ONNX Runtime 是一種跨平台的 AI 加速框架，支援主流的作業系統與程式語言，以及主流的深度學習框架所訓練出來的模型，如 PyTorch 與 TensorFlow。 ONNX 支援多種的加速方式 (Execution Providers, EP)，常見的像是 CPU, CUDA, DirectML 等等，最近也加入各家廠商的 NPU 支援，其餘的 EP 與細節可以參考官方的文件。這裡以 Qualcomm - QNN 來嘗試實作，它使用 Qualcomm AI Engine Direct SDK (QNN SDK) 作為 ONNX Runtime 的後端。根據文件，目前在 Qualcomm SC8280X 與 SM8350 兩款晶片建置與測試，對應的行銷用型號應為 Snapdragon 8cx Gen 3 與 Snapdragon 888，這裡的測試平台是 Microsoft SQ3 ( 微軟客製化的 Snapdragon 8cx Gen 3)。

實作

這裡嘗試用官方的 ResNet50 C# 範例為基礎來實作。由於範例的文件比較舊，我做了一些修改以適用最新版本的 ONNX 與執行環境。

環境準備

安裝 Visual Studio 2022 (VS) 或更新的版本。
在 VS 中創建一個 C# Console App，.NET 版本選擇 6.0 或更高。
在方案的相依性安裝支援 QNN 的 ONNX Runtime。
安裝前處理用的相依性。
下載 ONNX 模型檔案( 提醒：為了要能用 NPU 來推理，模型檔案的 Opset version 需要大於等於 11)
下載一張待推理的影像，或其他影像。
準備一個有安裝 onnxruntime-qnn 的 Python 環境。

前處理

固定輸入的形狀

由於要使用 QNN EP 存在一些限制，第一個是 QNN 不支援動態的 batch size 輸入，因此需要將模型的輸入 shape 固定成 1，ONNX 有提供工具來將輸入的形狀改成固定。首先利用 Netron 找出模型的輸入名稱與形狀，以這裡用的模型為例：

Netron

輸入名稱是 data，batch size 是 N，我們要將 N 改成 1，轉換工具的用法如下：

python -m onnxruntime.tools.make_dynamic_shape_fixed --dim_param N --dim_value 1 resnet50-v1-12.onnx resnet50-v1-12.fixed.onnx

轉換完成之後可以再用 Netron 確認是否已經成功修改。

模型量化 (Model quantization)

由於 NPU 只接受量化過的模型，可能需要將模型做量化，參考網頁的範例，需要準備校正用的資料來做模型量化，為了讀圖方便而經過修改之後，在這個例子的讀檔案實現如下：

# resnet50_data_reader.py

import numpy
import onnxruntime
import os
from onnxruntime.quantization import CalibrationDataReader
from PIL import Image


def _preprocess_images(images_folder: str, height: int, width: int, size_limit=0):
    """
    Loads a batch of images and preprocess them
    parameter images_folder: path to folder storing images
    parameter height: image height in pixels
    parameter width: image width in pixels
    parameter size_limit: number of images to load. Default is 0 which means all images are picked.
    return: list of matrices characterizing multiple images
    """
    batch_filenames = []
    for root, dirs, files in os.walk(images_folder):
        for file in files:
            if size_limit > 0 and len(batch_filenames) >= size_limit:
                break

            batch_filenames.append(os.path.join(root, file))

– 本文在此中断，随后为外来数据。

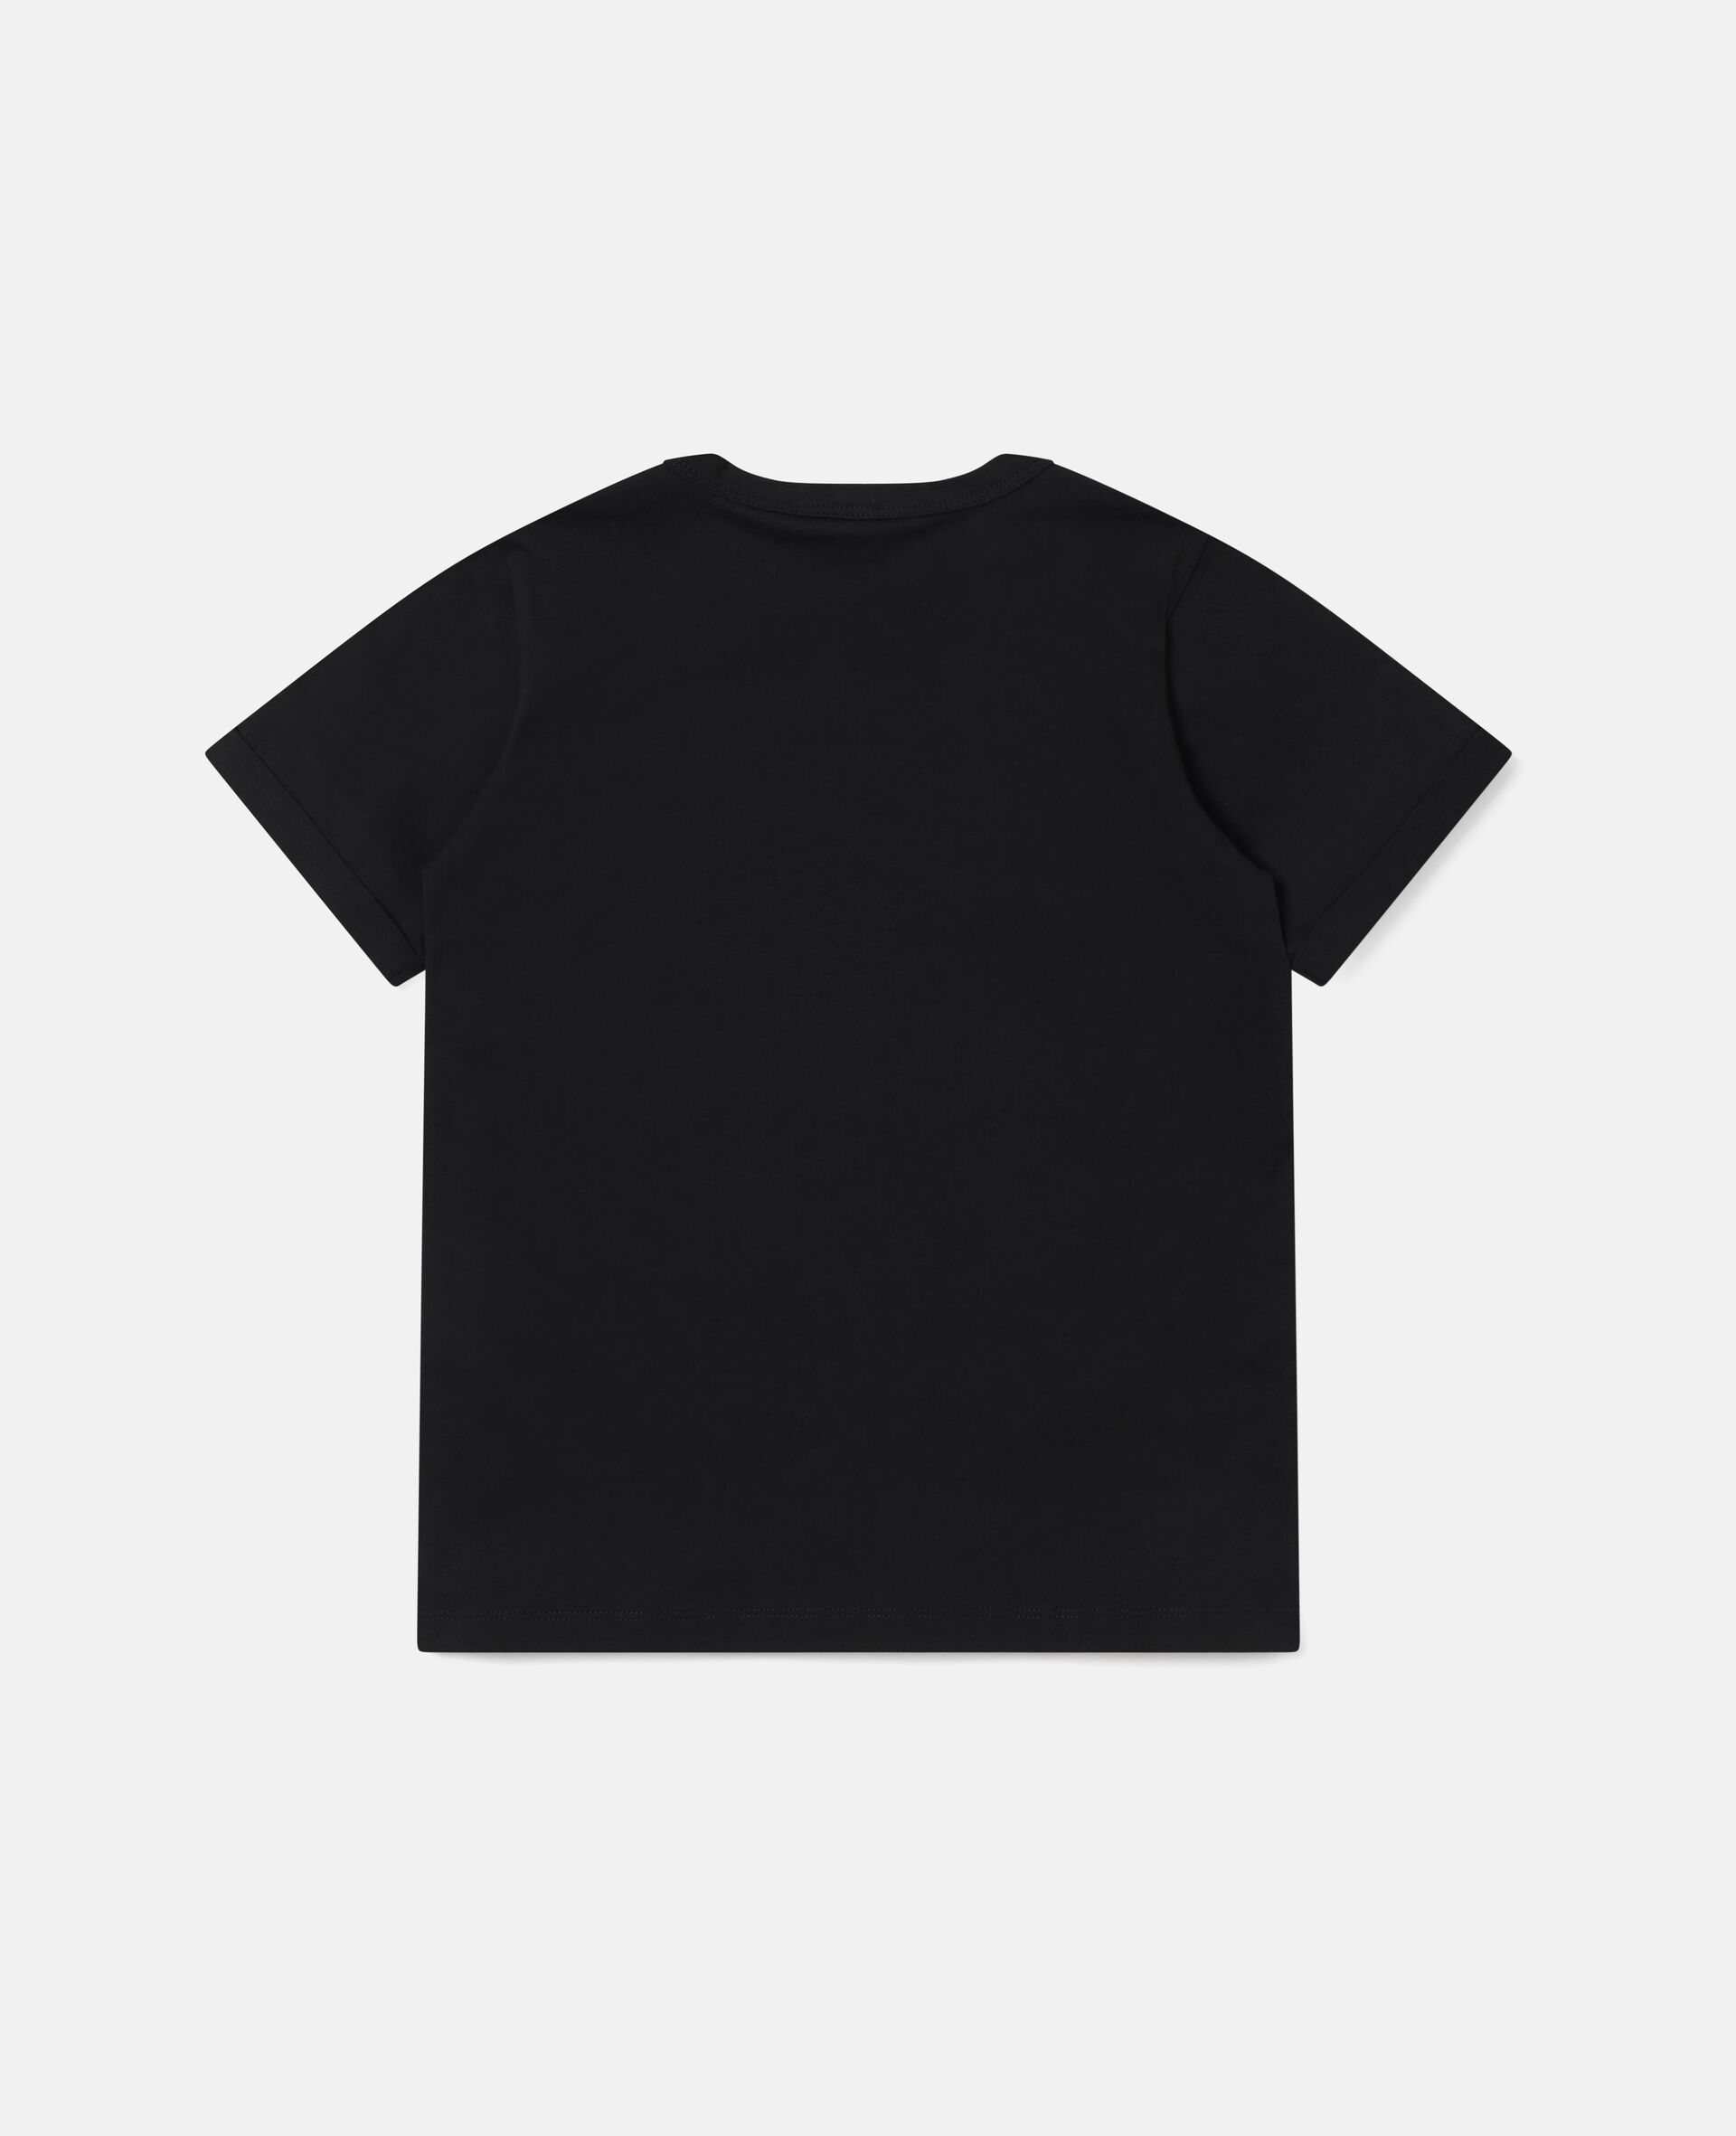 Spotty Flower Cotton T-shirt -Black-large image number 3

    unconcatenated_batch_data = []

    for image_filepath in batch_filenames:
        pillow_img = Image.new("RGB", (width, height))
        pillow_img.paste(Image.open(image_filepath).resize((width, height)))
        input_data = numpy.float32(pillow_img) - numpy.array(
            [123.68, 116.78, 103.94], dtype=numpy.float32
        )
        nhwc_data = numpy.expand_dims(input_data, axis=0)
        nchw_data = nhwc_data.transpose(0, 3, 1, 2)  # ONNX Runtime standard
        unconcatenated_batch_data.append(nchw_data)
    batch_data = numpy.concatenate(
        numpy.expand_dims(unconcatenated_batch_data, axis=0), axis=0
    )
    return batch_data

class ResNet50DataReader(CalibrationDataReader):
    def __init__(self, calibration_image_folder: str, model_path: str):
        self.enum_data = None

        # Use inference session to get input shape.
        session = onnxruntime.InferenceSession(model_path, providers=['CPUExecutionProvider'])
        (_, _, height, width) = session.get_inputs()[0].shape

        # Convert image to input data
        self.nhwc_data_list = _preprocess_images(
            calibration_image_folder, height, width, size_limit=0
        )
        self.input_name = session.get_inputs()[0].name
        self.datasize = len(self.nhwc_data_list)

    def get_next(self):
        if self.enum_data is None:
            self.enum_data = iter(
                [{self.input_name: nhwc_data} for nhwc_data in self.nhwc_data_list]
            )
        return next(self.enum_data, None)

    def rewind(self):
        self.enum_data = None

量化模型用的程式碼如下：

# quantize_model.py

import numpy as np
import onnx
from resnet50_data_reader import ResNet50DataReader
from onnxruntime.quantization import QuantType, quantize
from onnxruntime.quantization.execution_providers.qnn import get_qnn_qdq_config, qnn_preprocess_model

if __name__ == "__main__":
    input_model_path = "resnet50-v1-12.fixed.onnx"  # Replace with your actual model
    output_model_path = "resnet50-v1-12.qdq.onnx"  # Name of final quantized model
    calibration_image_folder = "test_images" # Path to calibration data
    my_data_reader = ResNet50DataReader(calibration_image_folder, input_model_path)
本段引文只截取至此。